# Weird Noise??



## Dylan227 (Dec 18, 2010)

Hello,


When my hedgehog spikes up and rolls into a ball, she makes this weird growling noise. It sounds like it is coming from inside her. It is pretty loud. Is this normal for hedgehogs??


----------



## Dylan227 (Dec 18, 2010)

Dylan227 said:


> Hello,
> 
> When my hedgehog spikes up and rolls into a ball, she makes this weird growling noise. It sounds like it is coming from inside her. It is pretty loud.
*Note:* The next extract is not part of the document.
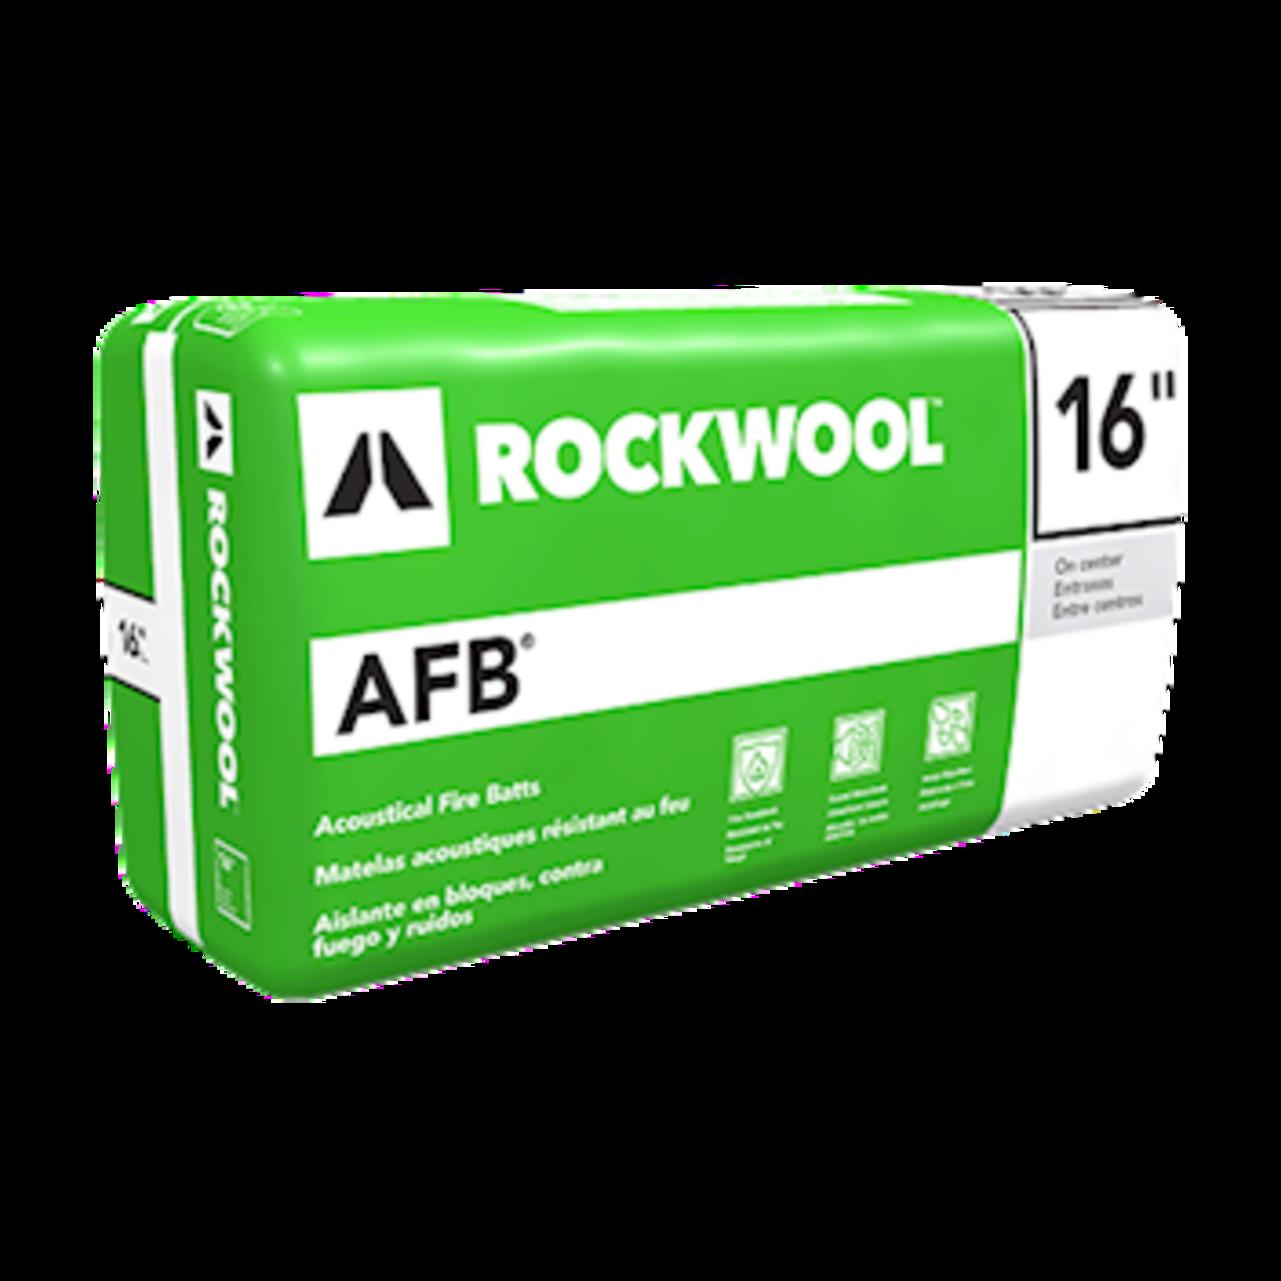 AFB® lightweight, semi-rigid batt insulation for steel stud interior wall and floor applications

Is this normal for hedgehogs??


UPDATE: A few minutes later, he made a huge poop  does this have anything to do with it?


----------



## Puffers315 (Apr 19, 2010)

You're probably hearing the hedgehog hiss (at least what I call it). It sounds kind of like a motorboat or helicopter, and does kind of sound more like its coming from within rather than from their mouth. As for the poop...might be related, he might have been trying to go to the bathroom and you disturbed him. The hiss is usually a sound of a displeased hog, I've yet to find a good video with it in it.


----------



## Hedgehog Grove (Jul 21, 2010)

There is a hedgehog hiss ( sounds like a old fashioned train) and then there is a hedgehog growl lol which as named sounds like a growl.

It is a defensive warning a bit more verbal that the hissing and popping.


----------



## MissC (Nov 15, 2010)

PapilionRu said:


> There is a hedgehog hiss ( sounds like a old fashioned train) .


EXACTLY what Snarf sounds like...going up a steep hillllllllll.....then.....down hissssssssssssspuffpuffpuff...chugchugchug???... He's a dead ringer for a turn-of-the-century steam engine. :lol:


----------